The term “Ice Age” is a frightening one. It conjures mental images of an Earth covered in frost, with woolly mammoths roaming the glacier-covered land. Given that, you might imagine that the average temperature of Earth during the last ice age was drastically different than what we experience today.

In truth, even tiny variations in Earth’s temperature can have a huge impact on life on this planet. As a new study reveals, the last average temperature on Earth during the last ice age was just 11 degrees Fahrenheit cooler than it has been during the 20th century. The scientists came to this conclusion using a wealth of data and crunching a whole bunch of numbers.

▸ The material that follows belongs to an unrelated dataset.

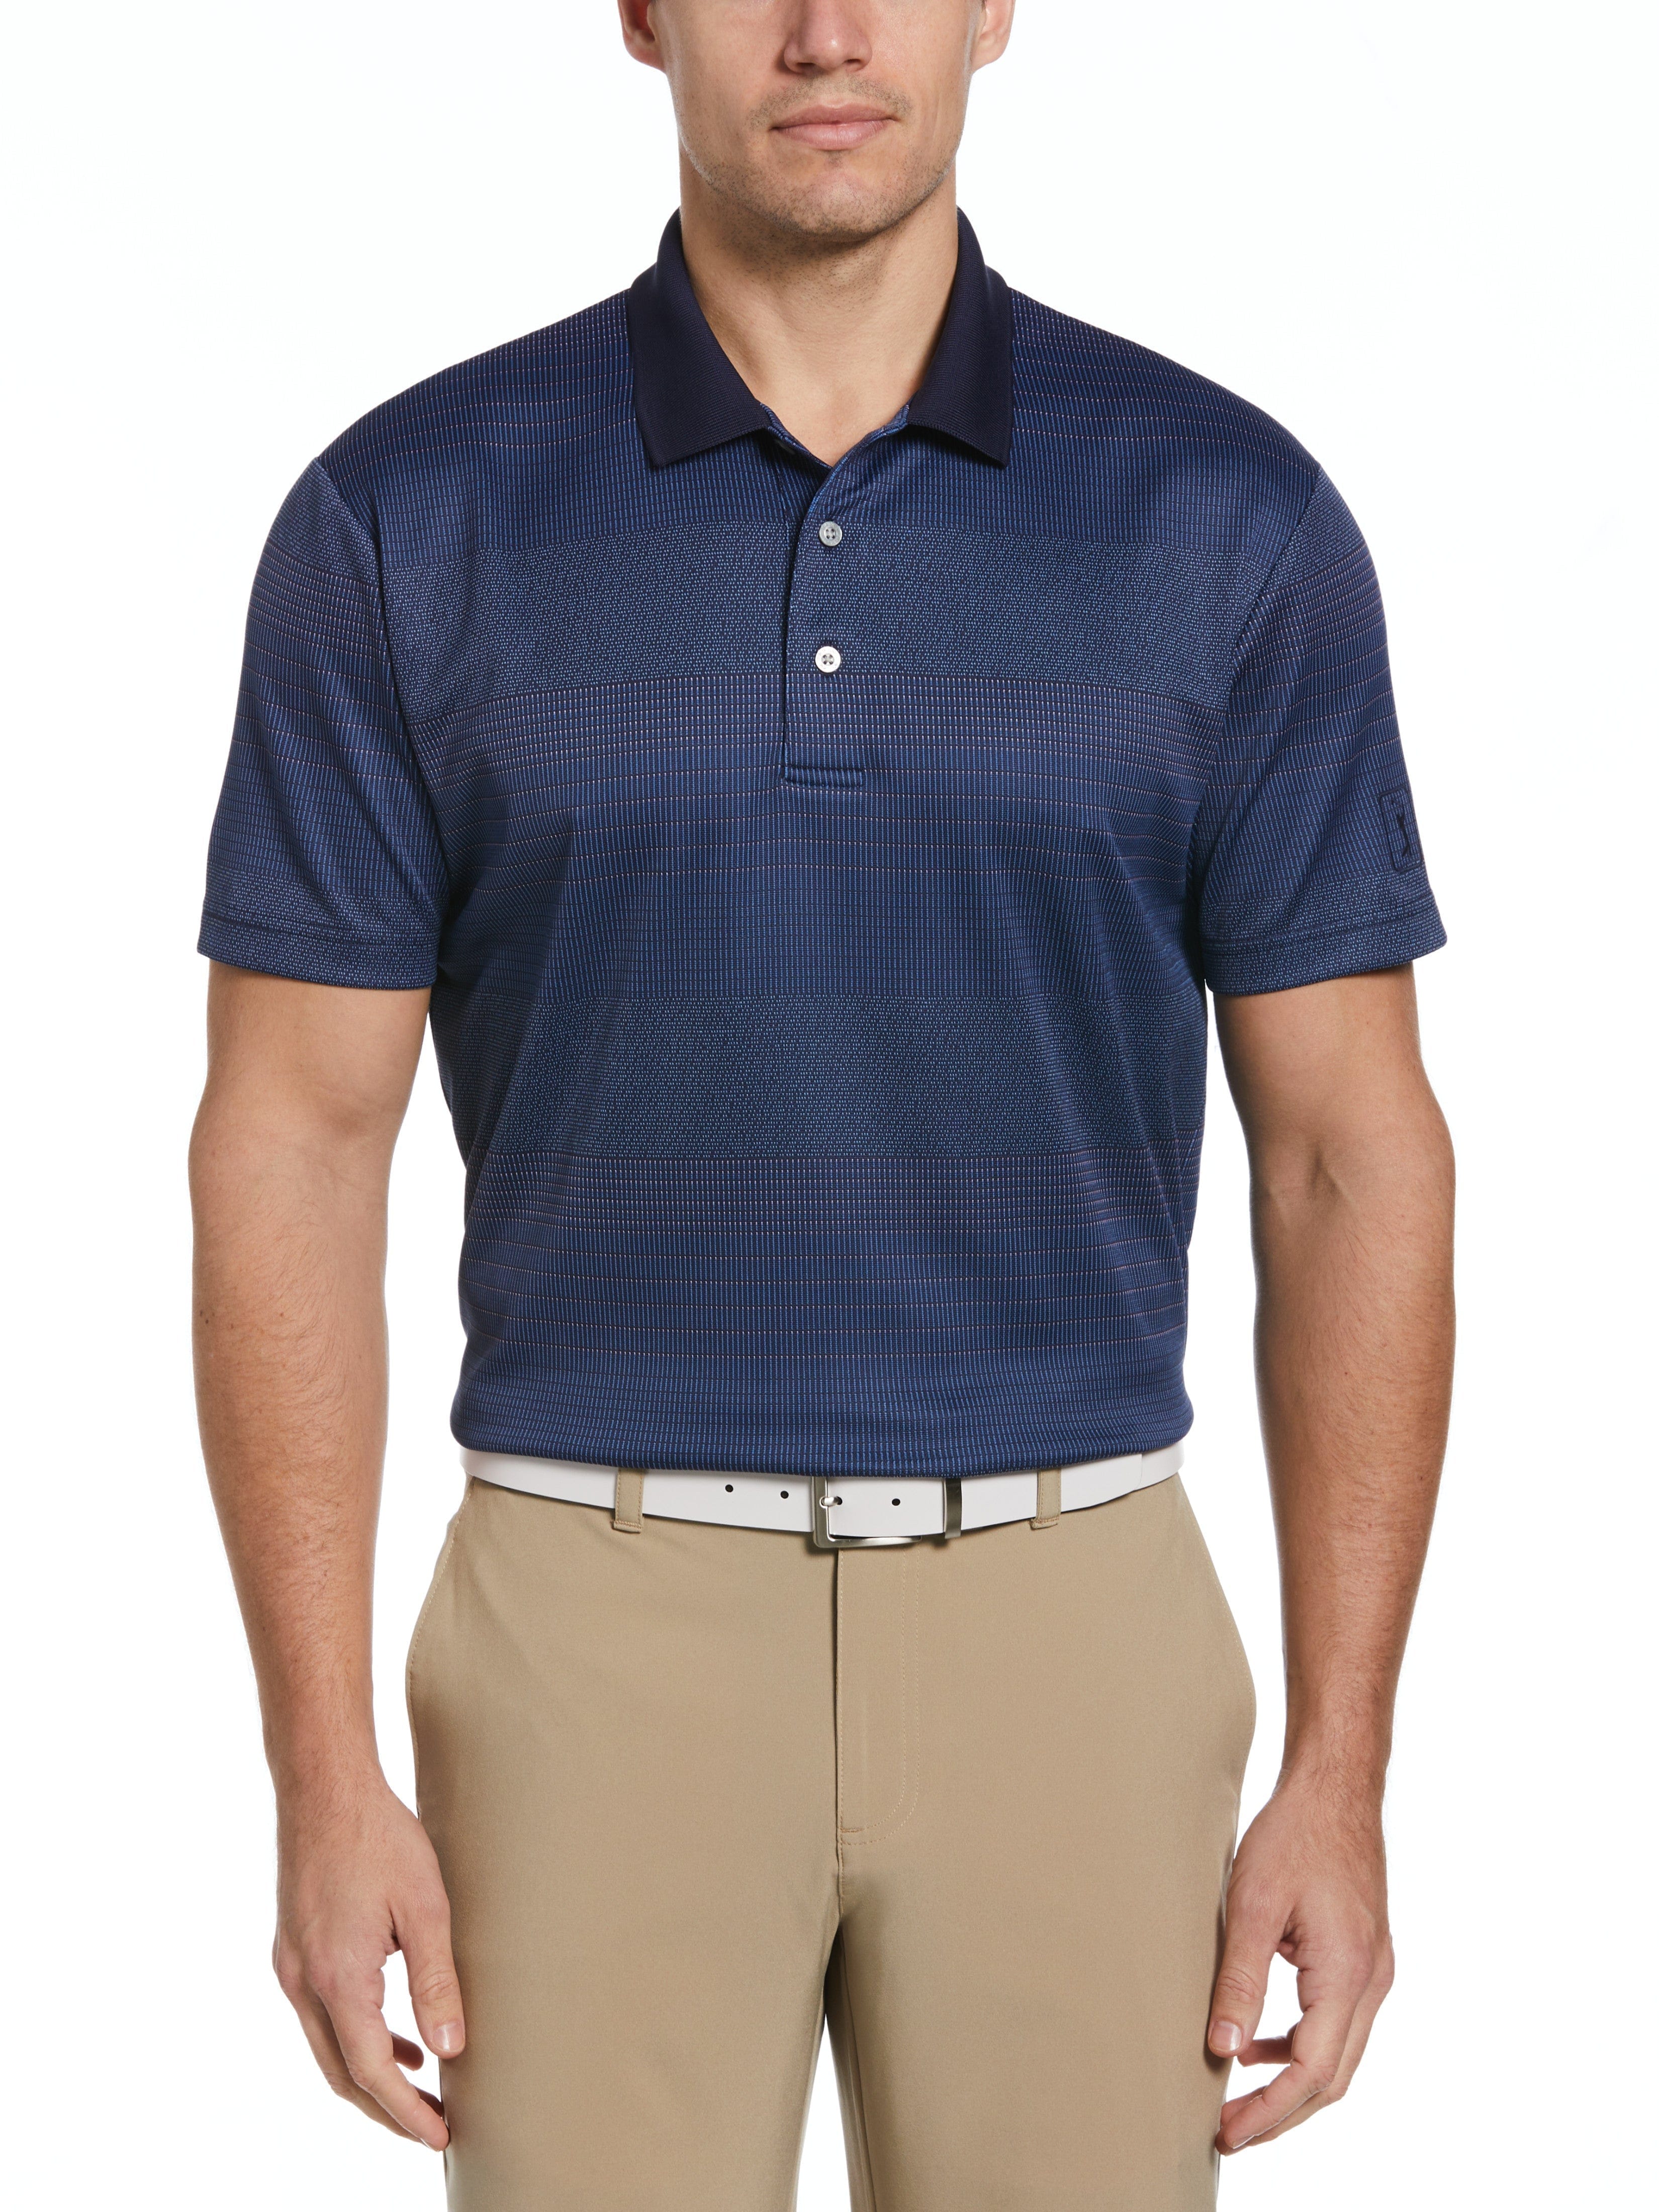 PGA TOUR Apparel Mens Large Scale Birdseye Stripe Jacquard Golf Polo Shirt, Size Medium, Navy Blue, 100% Polyester | Golf Apparel Shop

Now, 11 degrees (6 degrees Celsius) might not sound like a huge change. These days, an 11-degree dip might make you opt for a sweatshirt instead of a t-shirt, but besides that, it’s not usually a big deal. However, on a global scale, a temperature drop of that magnitude is absolutely devastating.

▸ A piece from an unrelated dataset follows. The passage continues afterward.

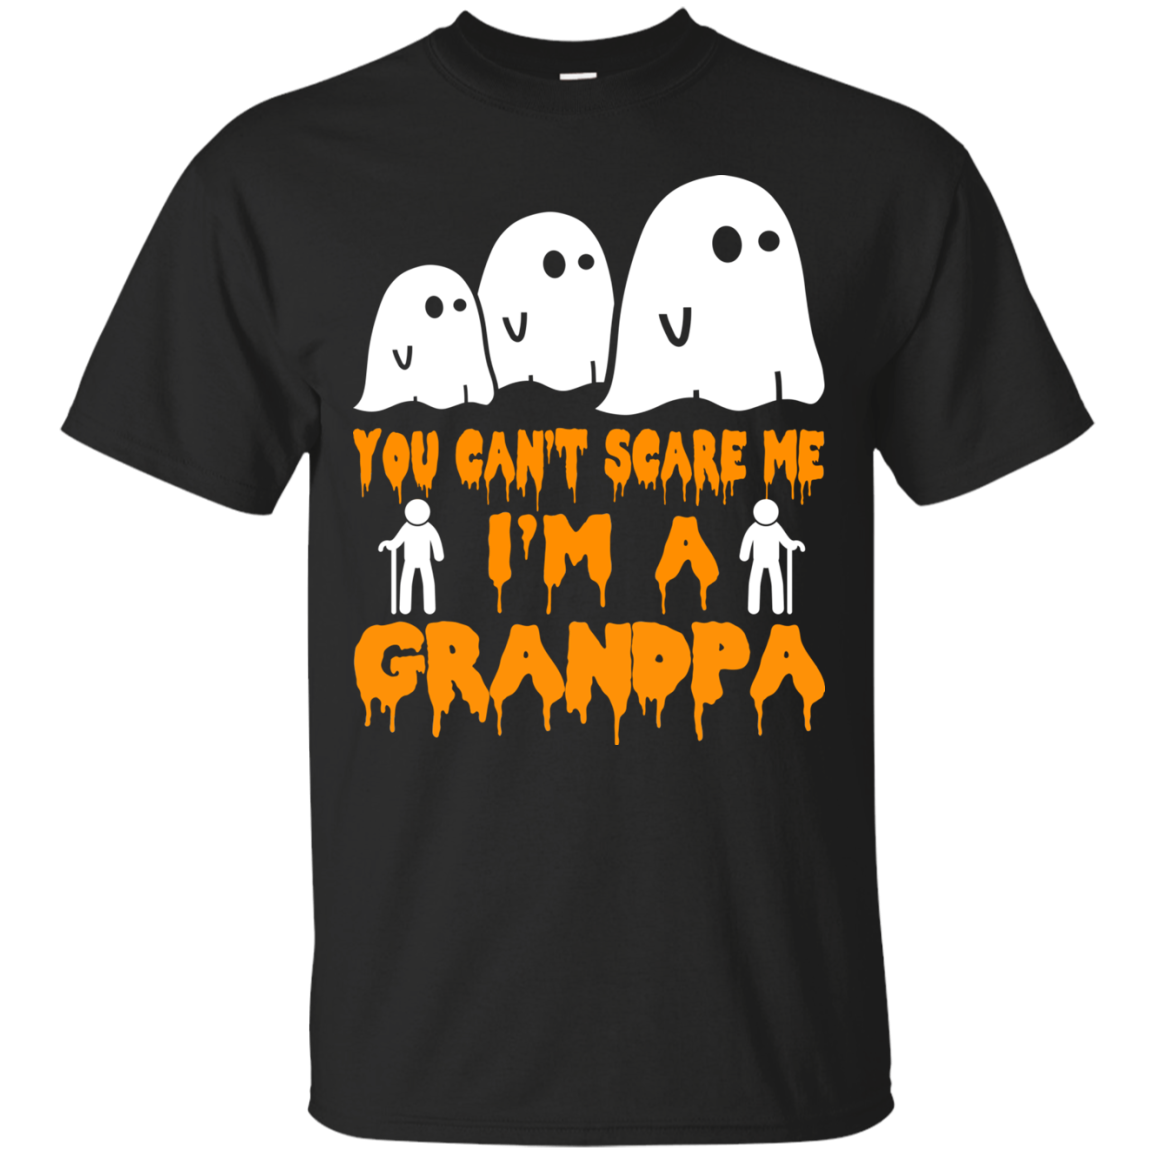 You can’t scare me I'm a Grandpa shirt, hoodie, tank

“In your own personal experience that might not sound like a big difference, but, in fact, it’s a huge change,” Jessica Tierney of the University of Arizona Department of Geosciences said in a statement. “In North America and Europe, the most northern parts were covered in ice and were extremely cold. Even here in Arizona, there was big cooling. But the biggest cooling was in high latitudes, such as the Arctic, where it was about 14 C (25 F) colder than today.”

Tierney and her team of researchers utilized atmospheric carbon data from the present-day and historical temperature data gleaned from examinations of fossilized sea plankton to build a model of what the Last Glacial Maximum (LGM), or the last ice age, was like.

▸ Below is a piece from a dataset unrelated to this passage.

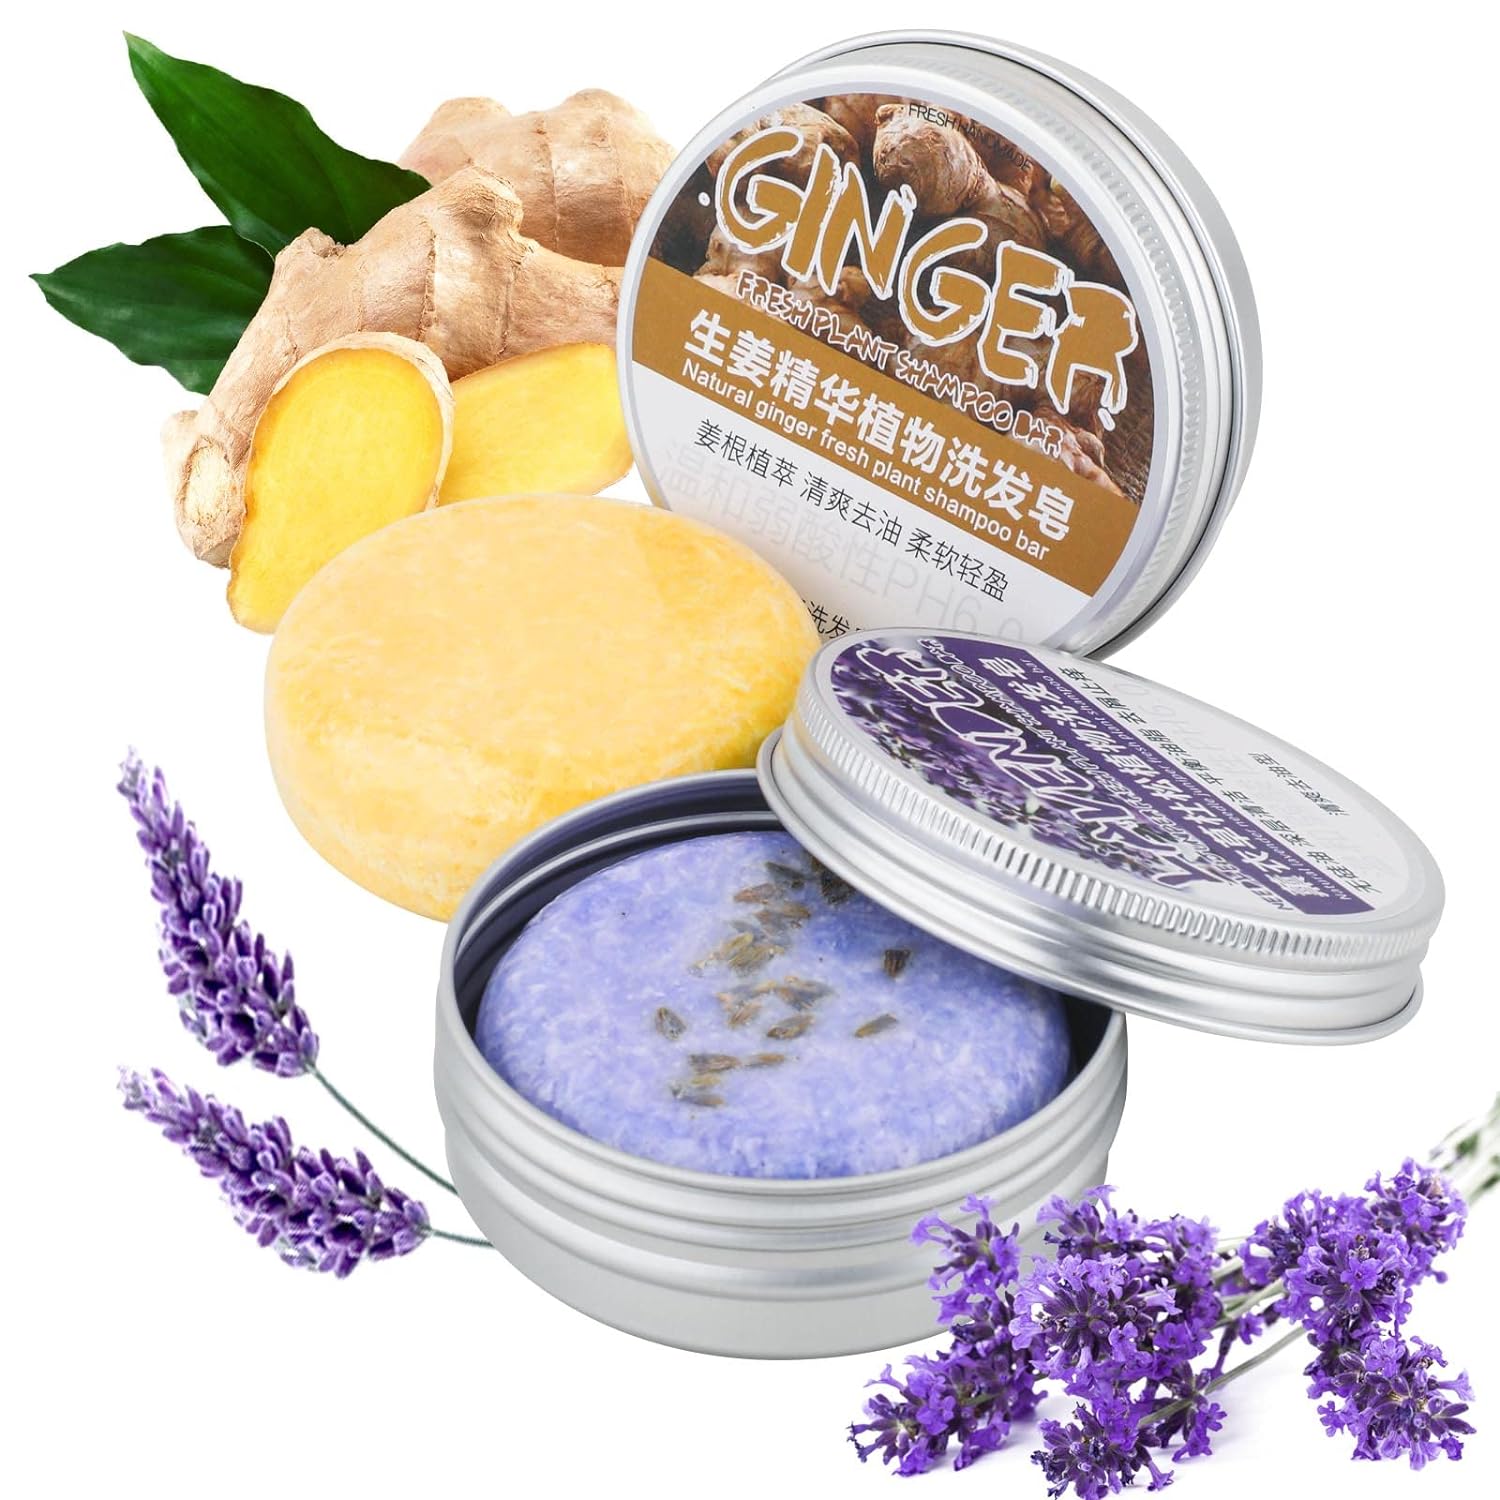 Shampoo-Bars-for-Hair-Growth,Natural-Organic-Lavender-465

The research has far-reaching implications, and the data can now give us a hint as to what kind of changes happen to the planet when temperatures change on a global scale. Thanks to manmade climate change, the Earth’s temperatures are now rising. The levels of atmospheric carbon dioxide are around 415 parts per million today, compared with 280 parts per million prior to the Industrial Revolution. By contrast, levels during the LGM were around 180 parts per million.

There’s no debate as to whether the planet is getting warmer. It is, and scientists almost universally agree that human activity is the cause. We’re definitely not headed for another ice age, but we might soon be struggling as temperatures shift toward the other end of the thermometer.